I was just wondering the following was possible, and I found out it is, but in case other people are wondering, you can include braces in the snippet placeholder text, if you escape the right brace. Why would I want to do that? Suppose I want to use nested placeholders, to allow for optional arguments. For instance imagine a snippet like:
\foo${1:(${2:0},${3:0})}
then this will show up as \foo(0,0) with the entire (0,0) highlighted, so if I don't want it to be there then I can just press delete and continue, or if I want it I can press tab and move to editing each of the two zeros.
This works great in this case, but suppose I want *braces* instead of parentheses (as in most LaTeX commands):
\foo${1:{${2:0},${3:0}}}
As it stands, the second to last brace is matched as closing the placeholder ${1, which leaves the wrong thing highlighted . The trick is to escape it, like so:
\foo${1:{${2:0},${3:0}}}
Very nifty and useful, and not documented I think.
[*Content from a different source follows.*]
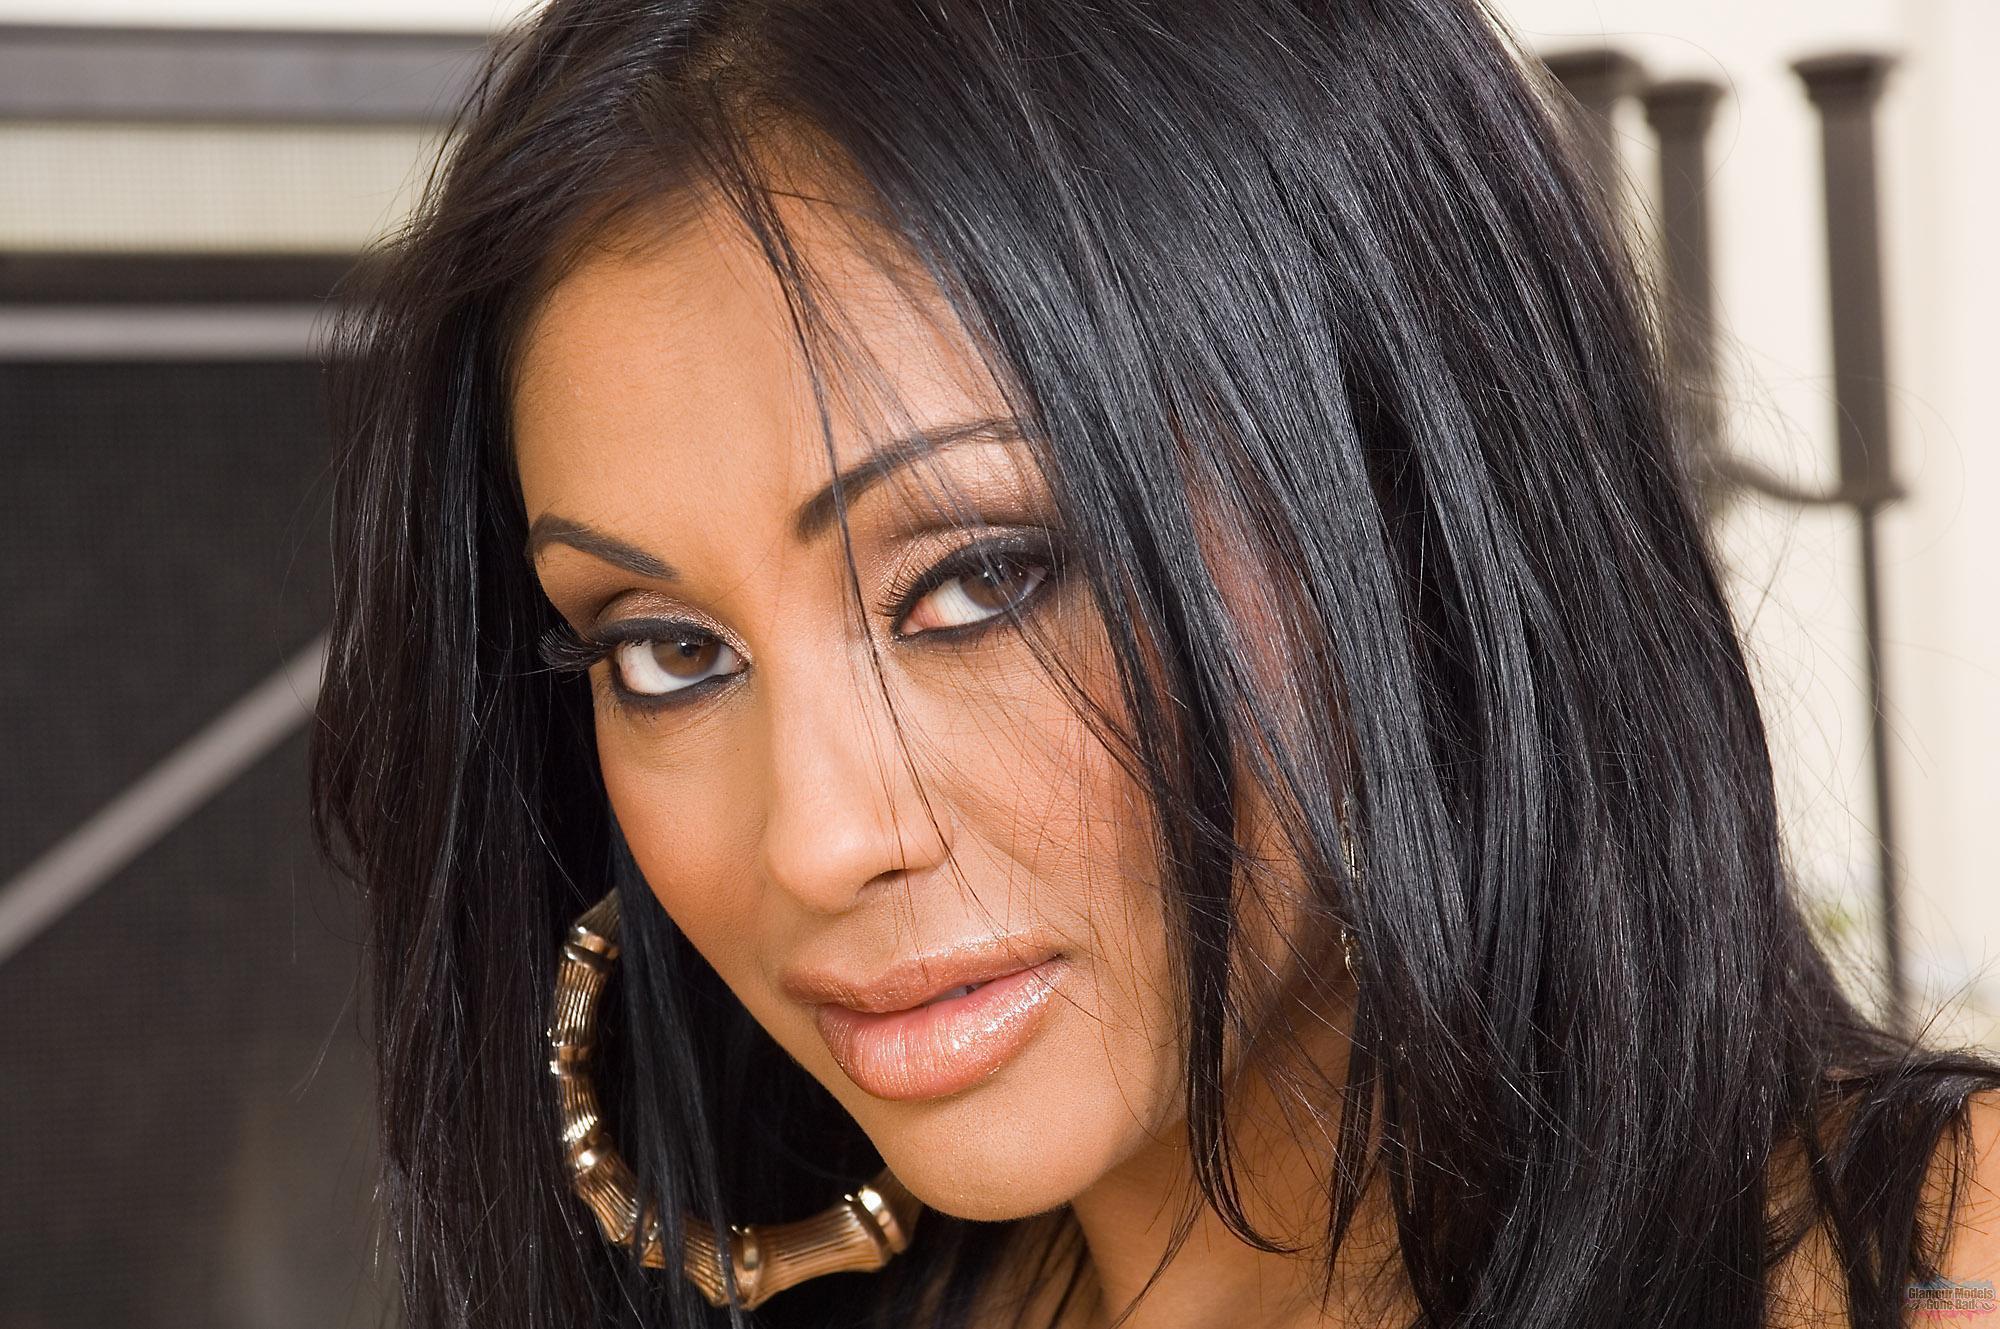 Priya Rai Fuck 86

My first impulse was to escape the corresponding left brace as well, but it doesn't need (and in fact won't accept) escaping. No sure how I feel about that, it looks asymmetric to me. But hey, it works!
I am now very tempted to change most of the sectioning commands in the LaTeX bundle to make adding labels optional, and combine the stared versions of environment with the non-stared ones.